The update, called CUDA Tile, shifts the platform from its familiar SIMT model to a tile-based approach meant to make GPU programming far less of a faff for developers drowning in the AI frenzy. CUDA has effectively glued Nvidia’s AI ecosystem together by bundling libraries and frameworks that no one else has matched.
Before this update, CUDA gave programmers fine-grained control over tile sizes, shared memory loads, and compute resources, though it required them to work closely with GPU architecture. CUDA Tile introduces a tile-processing model and a new low-level virtual machine called Tile IR, which treats the GPU as a tile processor, allowing coders to focus on the logic rather than the plumbing.
Nvidia claims the tiling method reduces manual optimisation and excels at structured matrix maths and convolutions. Because algorithms are expressed abstractly, the compiler selects GPU parameters, making things easier for a broader pool of developers, though performance will never quite match hand-tuned, low-level code.
Keller thinks this might crack CUDA’s moat because tiling is already common in the industry, with frameworks such as Triton using it, which could make porting CUDA Tile code via Triton and onto AMD GPUs far simpler. He argues that raising abstraction levels removes the need for architecture-specific CUDA code, which should further smooth the path.

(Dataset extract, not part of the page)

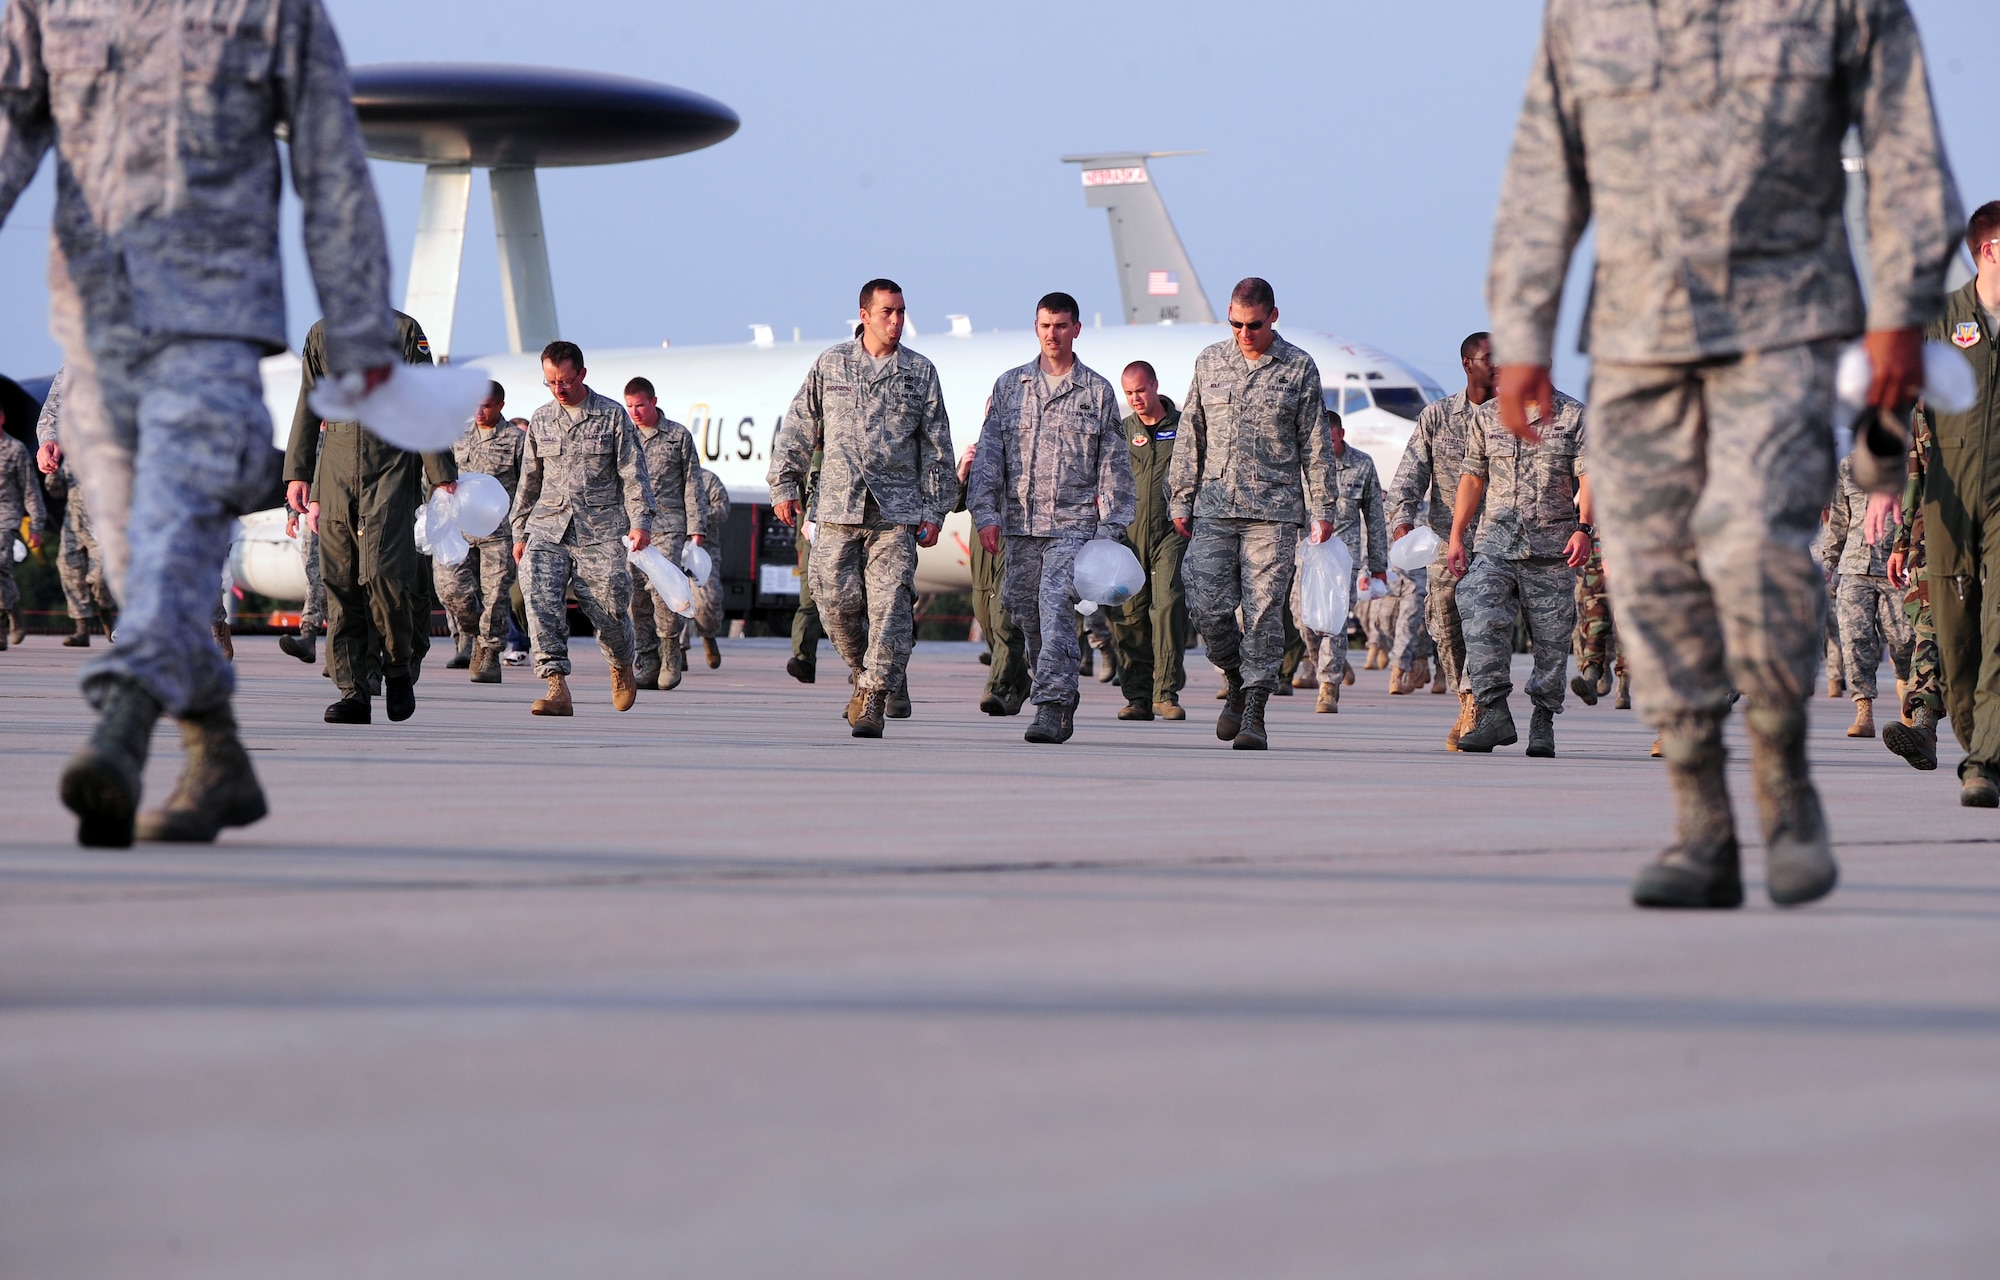 OFFUTT AIR FORCE BASE, Neb. - Hundreds of 55th Wing members walk down the runway here Aug. 30 collecting trash and debris during a foreign object debris walk following the 2010 Defenders of Freedom Air Show and Open House. The early morning FOD walk allowed aircraft operations to begin here safely. U.S. Air Force photo by Josh Plueger

The counterargument is that CUDA Tile could harden Nvidia’s moat because the proprietary technology underlying it, notably Tile IR, is optimised for Nvidia’s own hardware semantics. Porting might become easier on paper, although implementation would still be a slog.
By making CUDA programming simpler, Nvidia may be tightening its grip on the entire software stack, which is why some are calling the update a revolution in GPU programming rather than an act of generosity.